A further object of the invention is to provide a battery rack systems which essentially consists of only two main structural components and therefore is easy and quick to assemble and install.
Still a further object of the present invention is to provide a rack system including two relatively rigid end frame members configured to define relatively large ventilation ports for horizontal air flow which improves battery performance.
A still further object of the present invention is to provide a rack assembly and system which includes a novel, relatively rigid end frame structure and anchors which are easily accessible for securing the assembly on a concrete floor or the like.
Still another object of the present invention is to provide a rack assembly and system wherein no side or rear access is required for assembly of the rack and the batteries therein and accordingly the rack assembly and system can be used in extremely small spaces. For example, the space required almost as small is the rectangular footprint of the rack assembly.

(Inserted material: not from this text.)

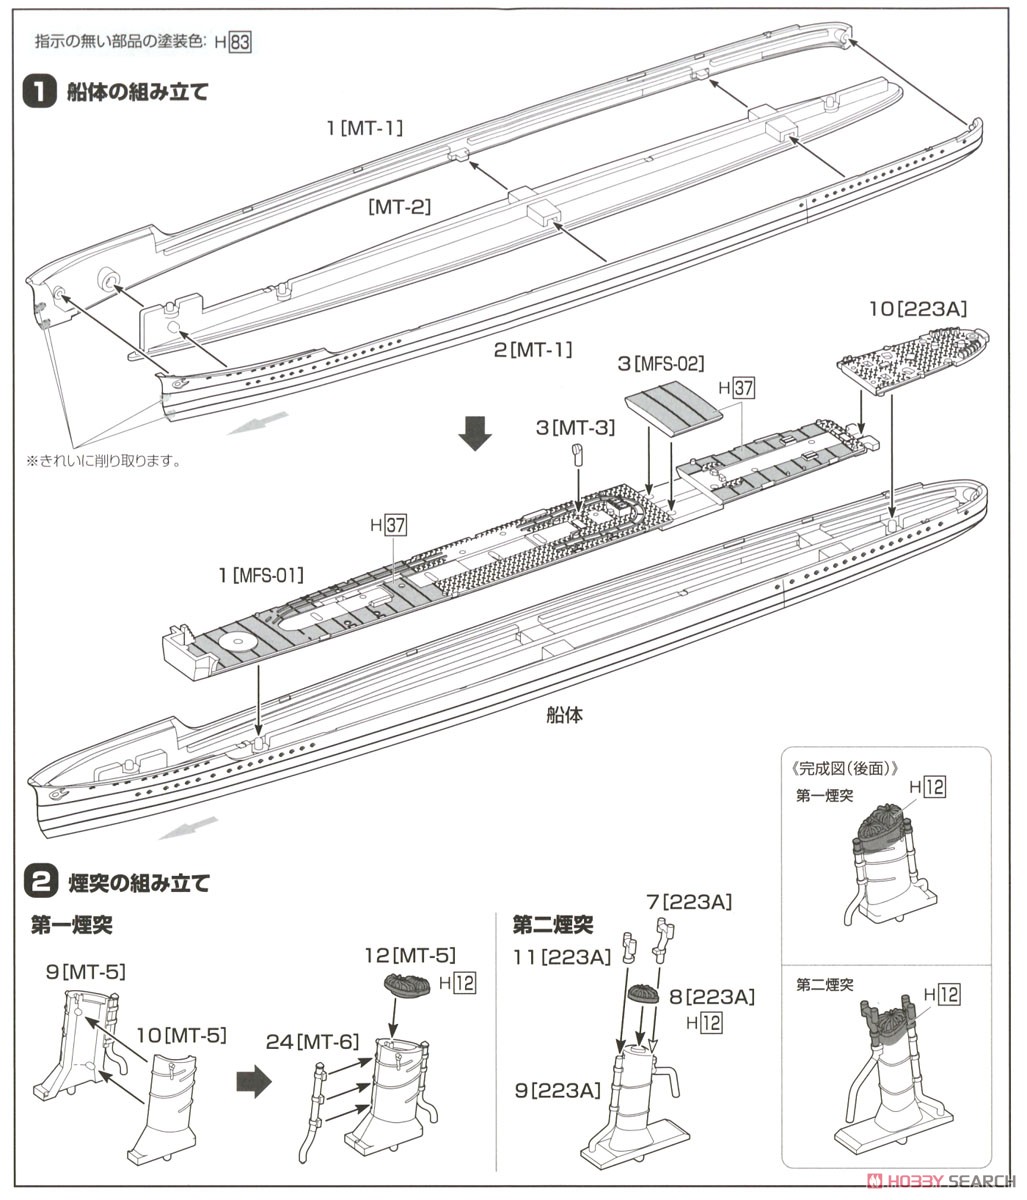 睦月型駆逐艦 三日月 1943 (プラモデル) 設計図1
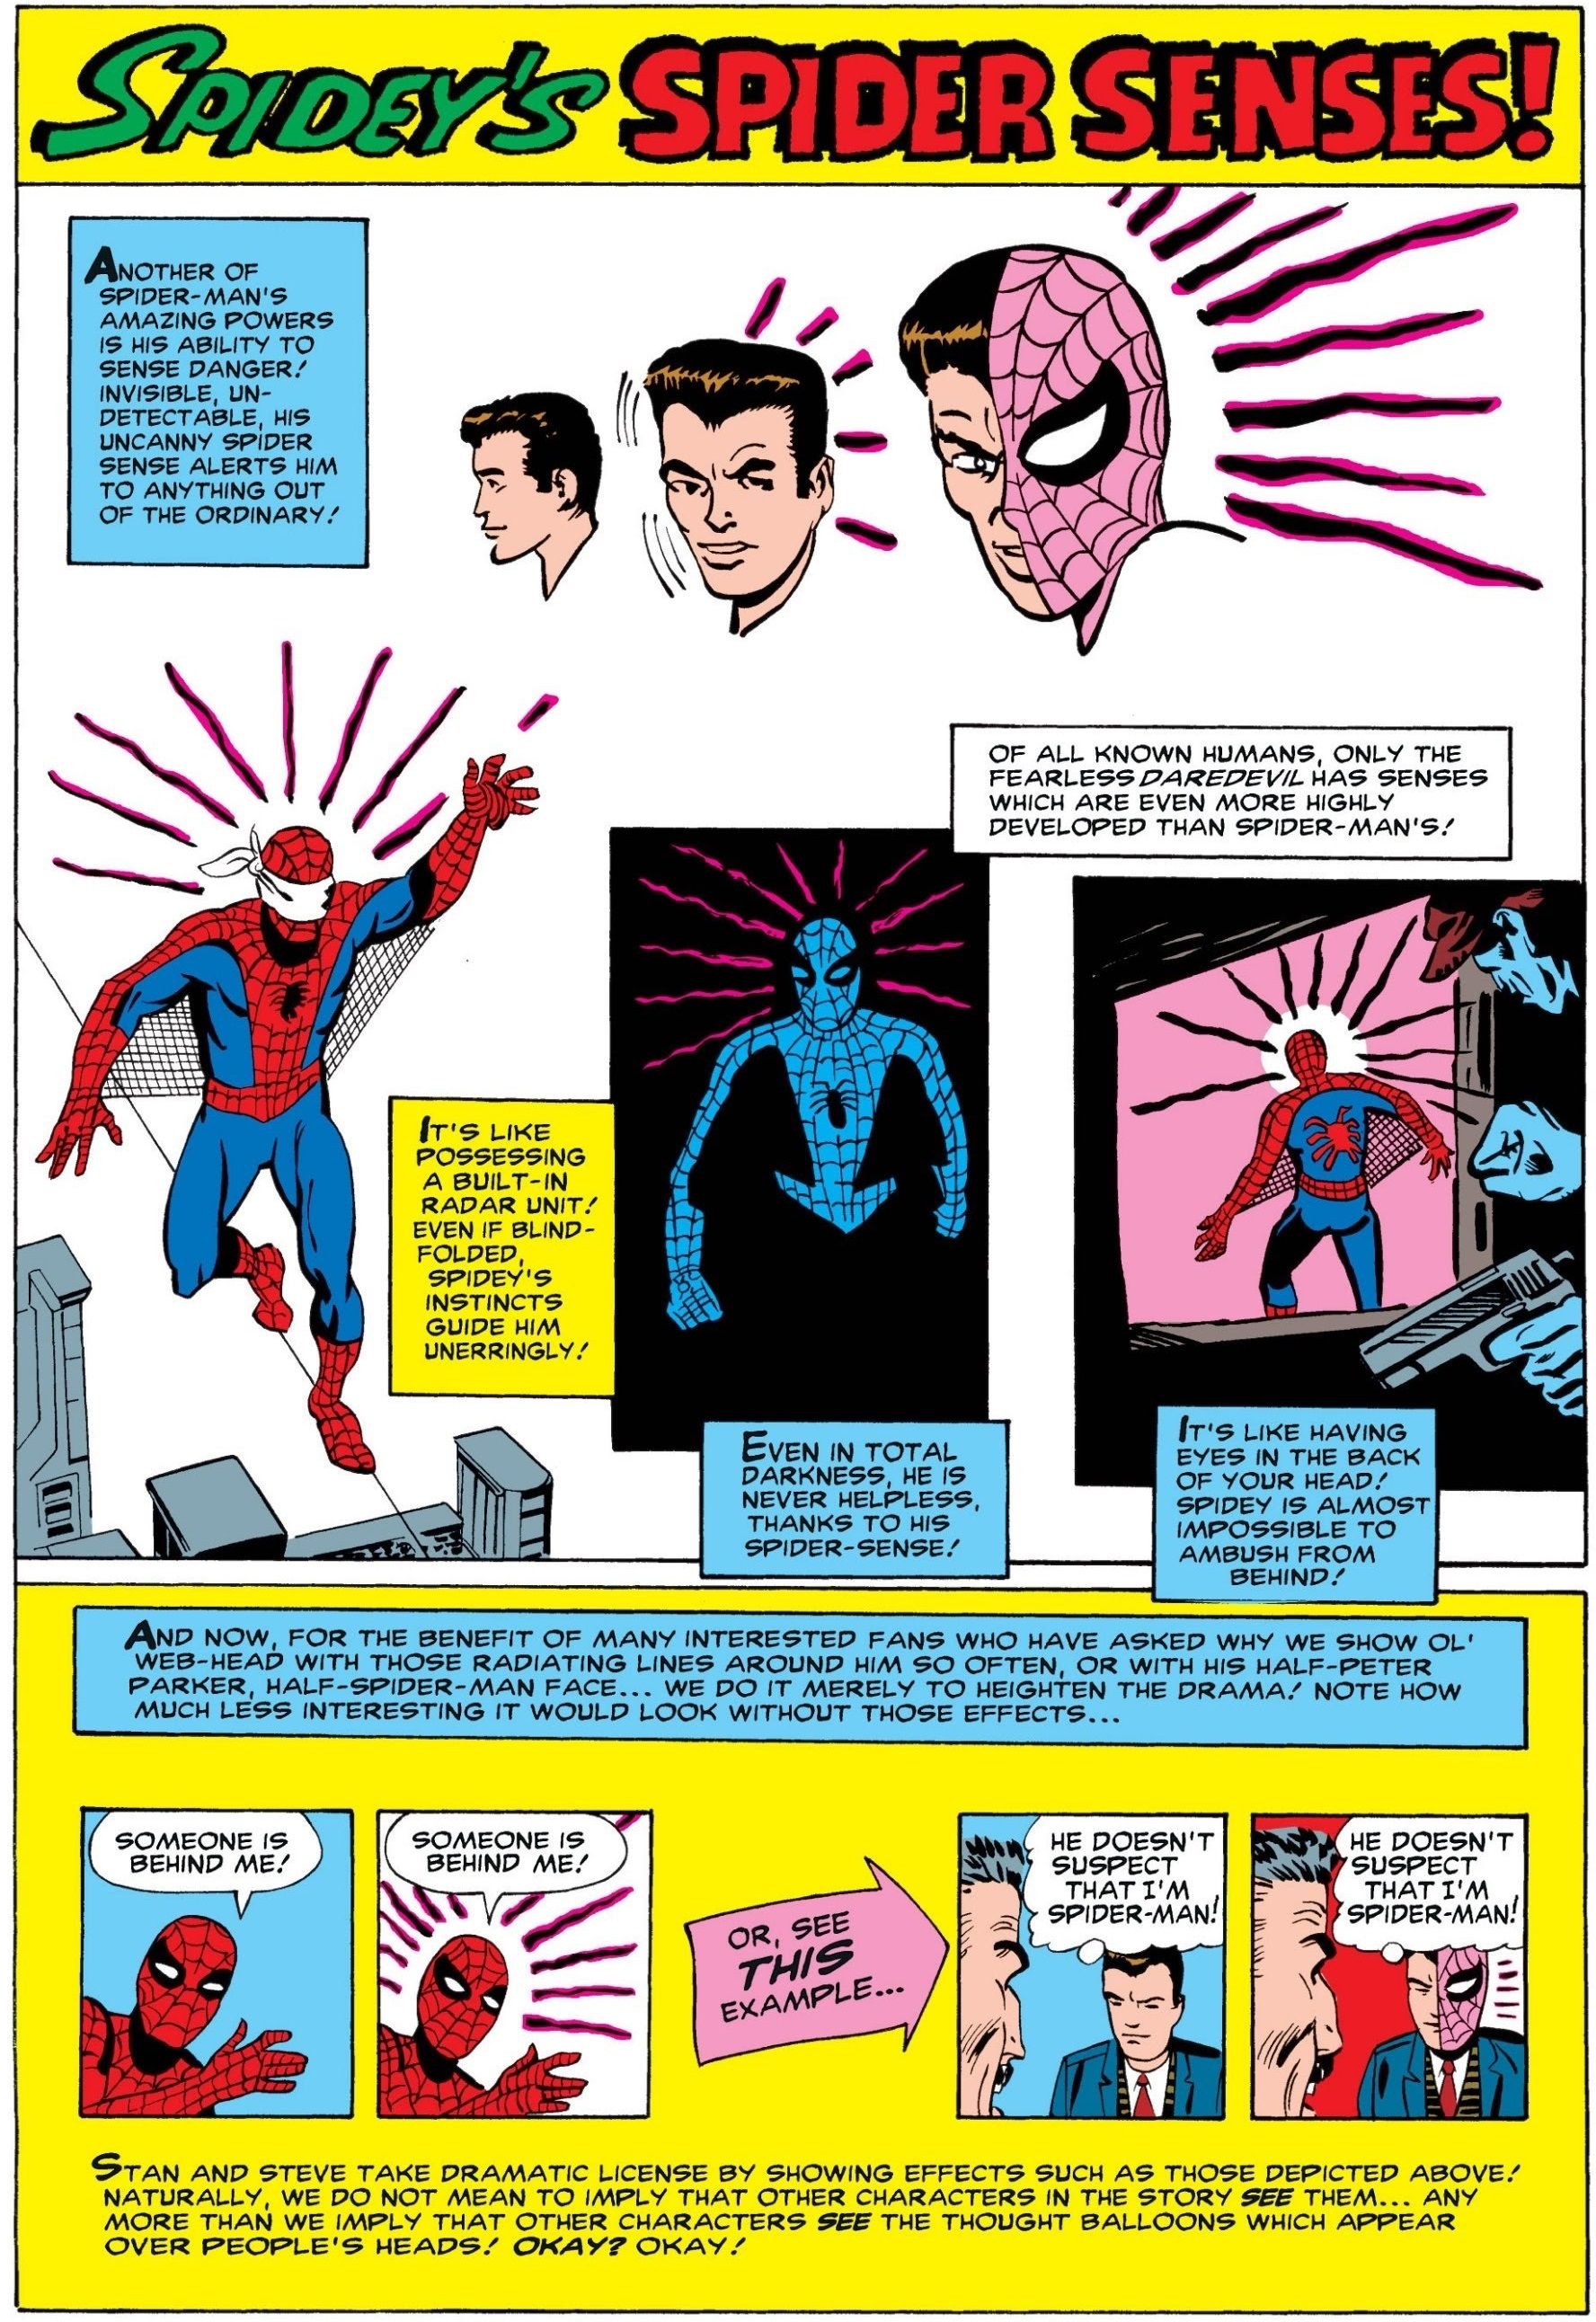 Uma explicação para a meia máscara do Homem-Aranha

A still another object of the present invention is to provide a battery rack assembly and systems wherein the frame including a novel configuration of end frame members which are symmetrical and therefore can be manufactured economically and installed easily and which are characterized by a series of ventilation slots and webs between the slots which confront a plurality of open compartments in the rack for the batteries to thereby aid and guide the batteries into the rows defined in the compartments.
Still another object of the present invention is to provide a novel battery rack assembly and system which has great flexibility and only one designed frame is needed for the entire 120-size system product line in a 8-high configuration.
Still a further object of the present invention is to provide a novel battery rack assembly and system wherein the shelves are divided into rows or zones for the batteries defined by a series of spaced dimples and openings spacing the rows of batteries at a predetermined distance from one another to whereby the ventilation slots facilitate vertical air flow over the batteries and with again the result of improving battery performance.
Still another object of the present invention is to provide a novel jacket configuration for the batteries characterized by a unique design allowing for handling the cells individually thereby facilitate handling and wherein the open end configuration is such to protect the joint between the cover and the jar from damage.
Still another object of the present invention is to provide a jacket configuration where the cell need not be extracted from the jacket or handled by its posts and thereby eliminating cell posts seal damage and jar damage as well as diminished capacity due to loss of pressure characteristic of prior art configuration.
A still further object of the present invention is to provide a novel jacket arrangement constructed of two identical pieces which are configured to be easily welded together to form a neat compact jacket for the individual batteries which includes points for picking up and handling the batteries and therefore eliminates cell damage.